KABUL, Afghanistan (AP) — U.S. Defense Secretary Leon Panetta, who has flown to Afghanistan for talks with President Hamid Karzai, says President Barack Obama will decide in the next few weeks how many U.S. troops will remain after the combat mission ends there.
Panetta arrived Wednesday on an unannounced visit to Kabul to consult with top military commanders as well as confer with Karzai.
The visit comes at a difficult juncture in the Western coalition's efforts to shift more security responsibilities to Afghan forces so the combat mission can end in December 2014.
While security has generally improved lately, the Afghan government's ability to effectively govern and to root out corruption is in great doubt. Peace talks with the Taliban are on a back burner.

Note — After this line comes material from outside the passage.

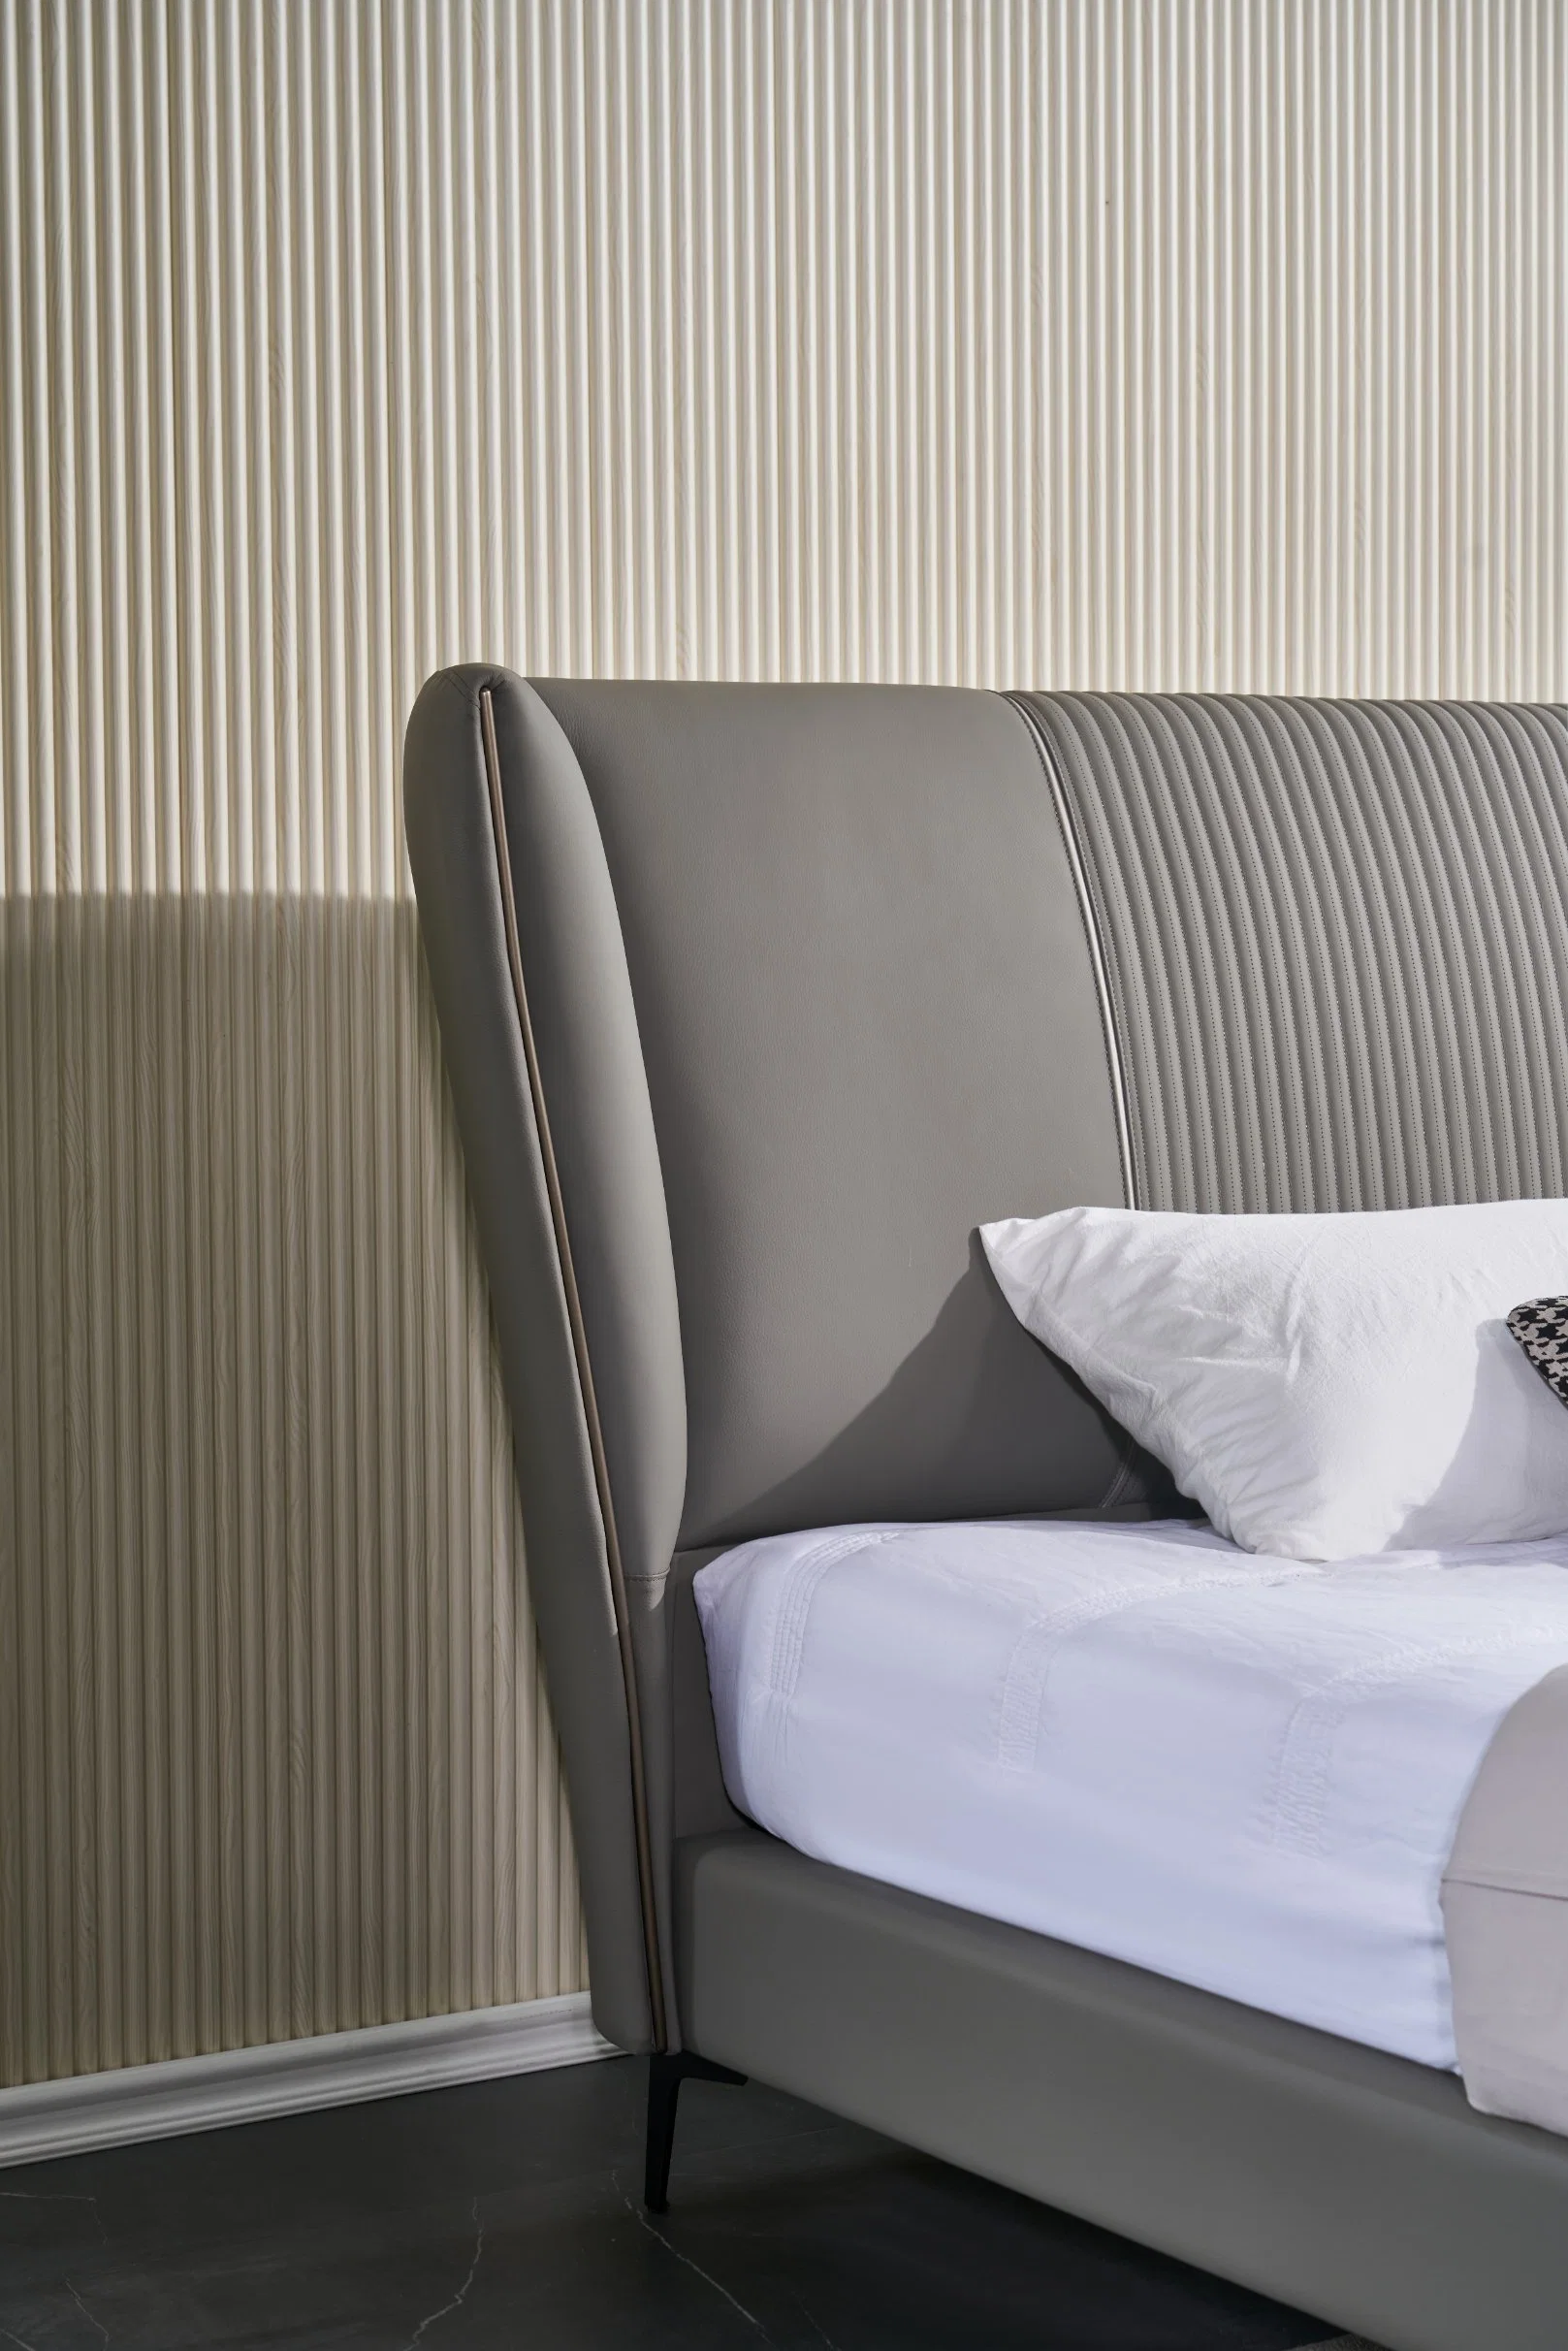 Vente en gros la plus récente chambre de luxe Hôtel mobilier taille personnalisée cuir véritable Ensemble de lits
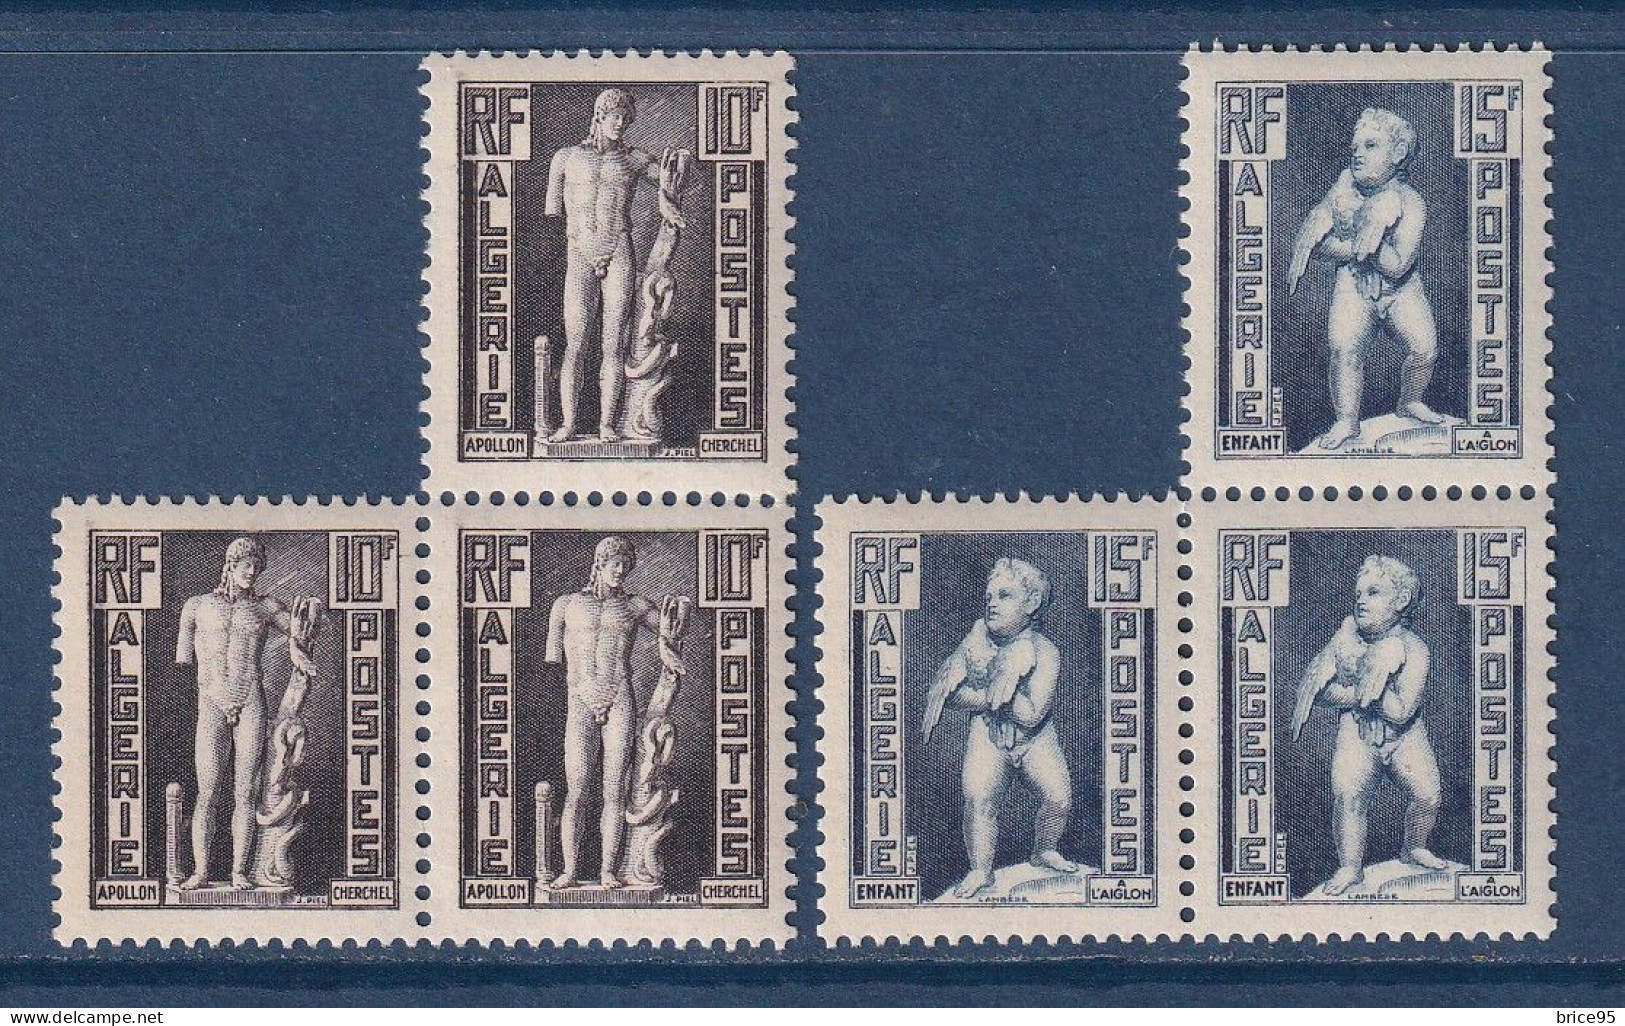 Algérie - YT N° 288 Et 290 ** - Neuf Sans Charnière - 1952 - Unused Stamps

Speaking to reporters earlier Wednesday in Kuwait, Panetta did not reveal what options Obama is considering, but officials have said he may settle on a figure between 6,000 and 10,000 troops. There currently are about 66,000 U.S. troops in Afghanistan.
The post-2014 mission is expected to focus on counterterrorism and advising Afghan security forces.
Before flying to Afghanistan, Panetta spoke to about 100 U.S. service members inside an aircraft hangar at a desert base west of Kuwait City. He thanked them for their service and emphasized that the U.S. is winding down its involvement in lengthy wars.